When copying the listing below, skip every picture and keep each word as it stands.

▸ **Raw data**:

┄┄┄┄┄┄

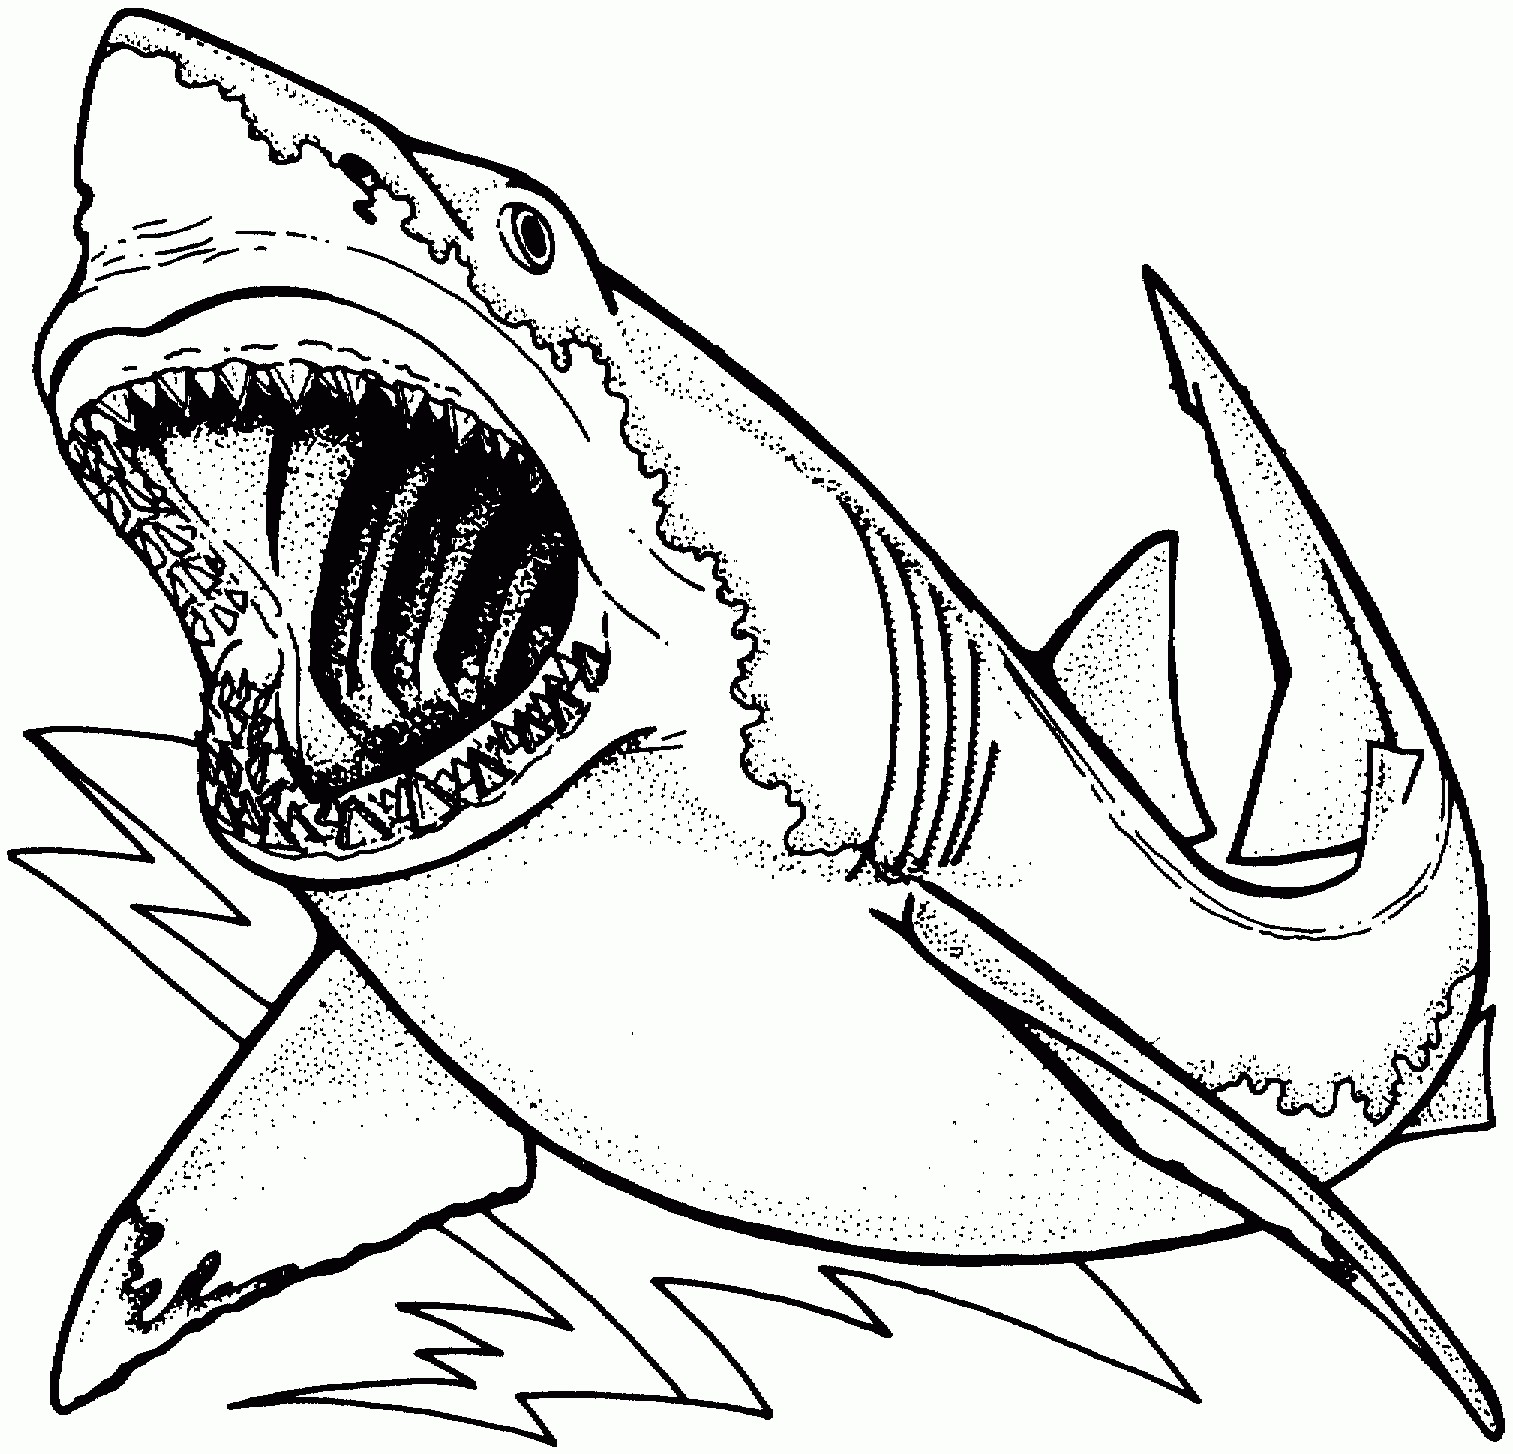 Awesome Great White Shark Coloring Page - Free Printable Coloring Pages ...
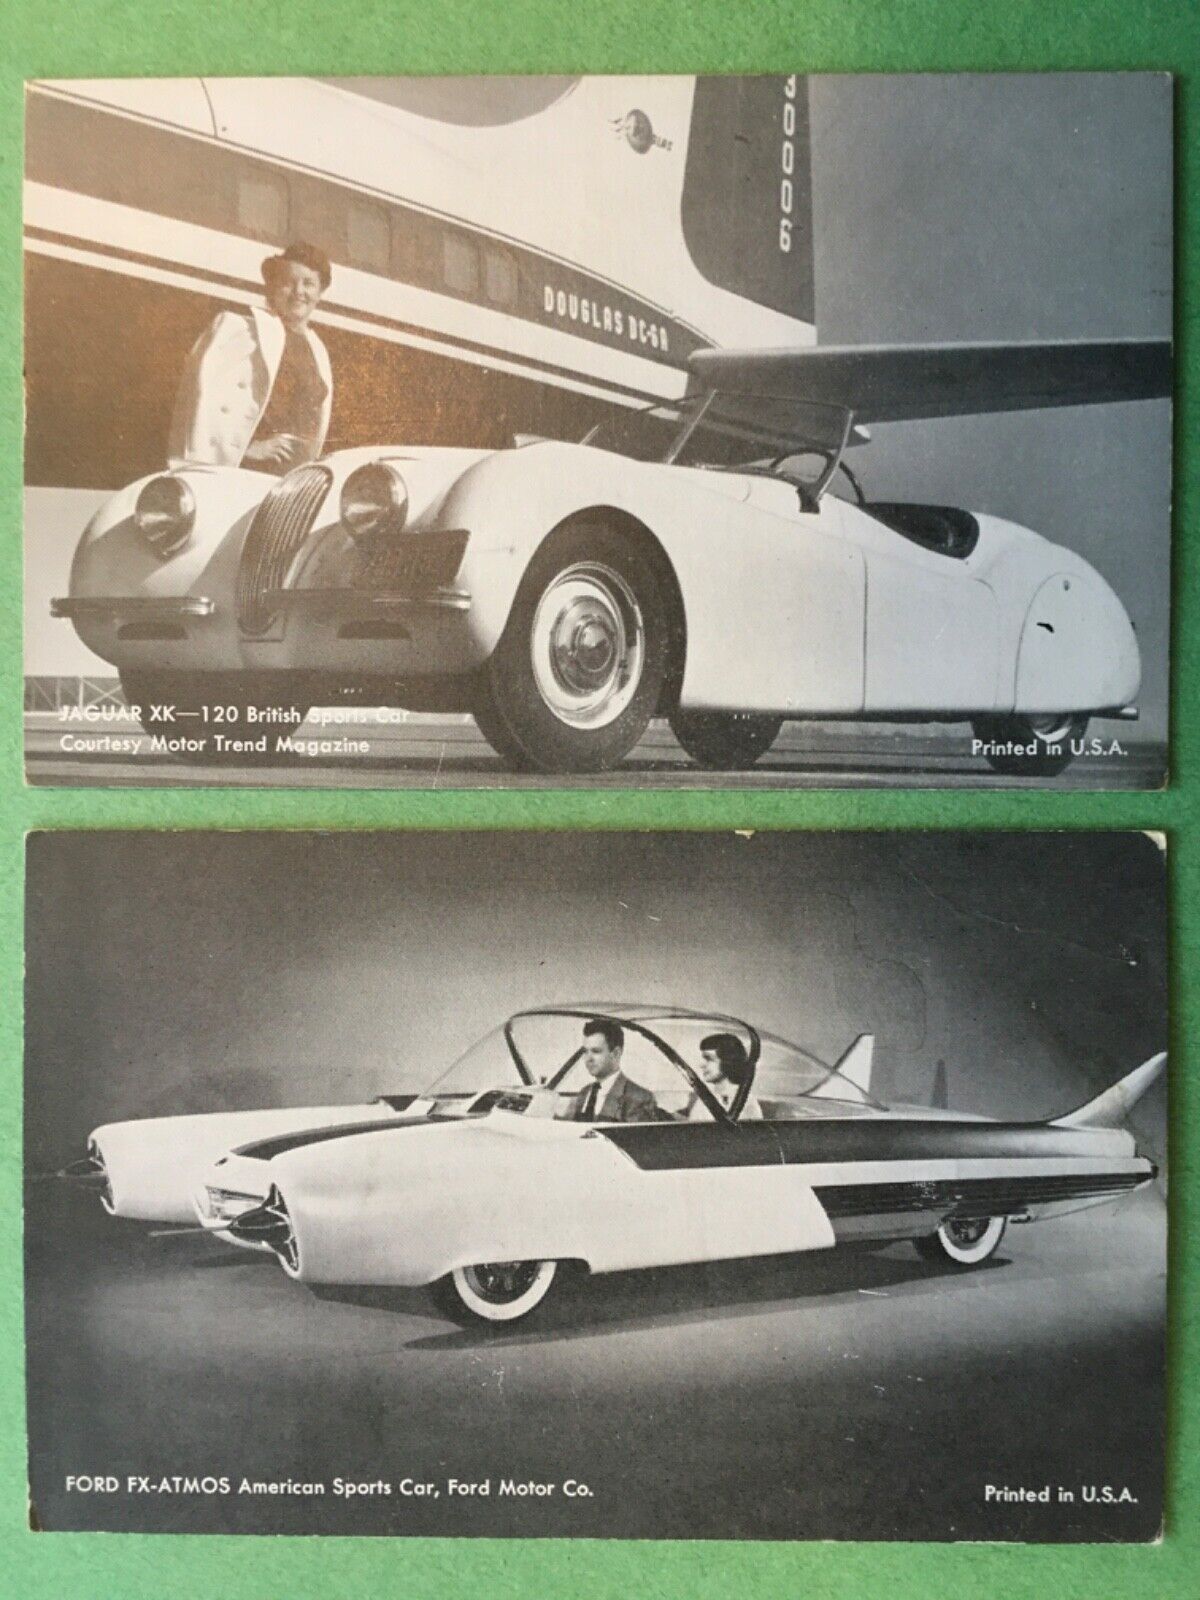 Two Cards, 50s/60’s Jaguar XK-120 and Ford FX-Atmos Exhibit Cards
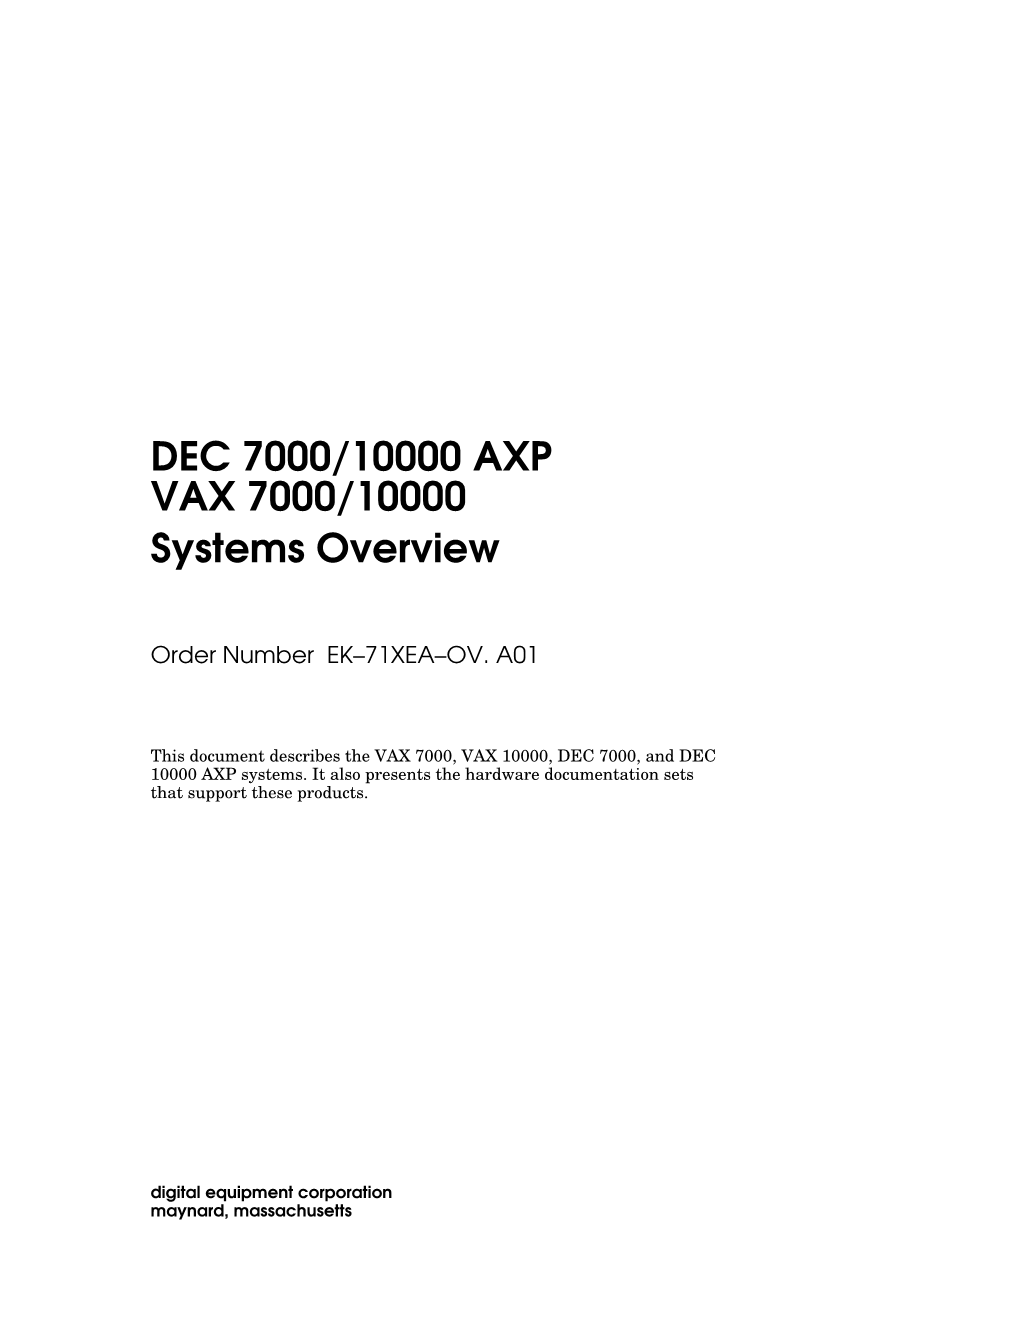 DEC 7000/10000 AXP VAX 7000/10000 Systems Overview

┄┄┄┄┄┄

▸ **Response to this exercise**:
 Awesome Great White Shark Coloring Page - Free Printable Coloring Pages ...
 Two Cards, 50s/60’s Jaguar XK-120 and Ford FX-Atmos Exhibit Cards
 DEC 7000/10000 AXP VAX 7000/10000 Systems Overview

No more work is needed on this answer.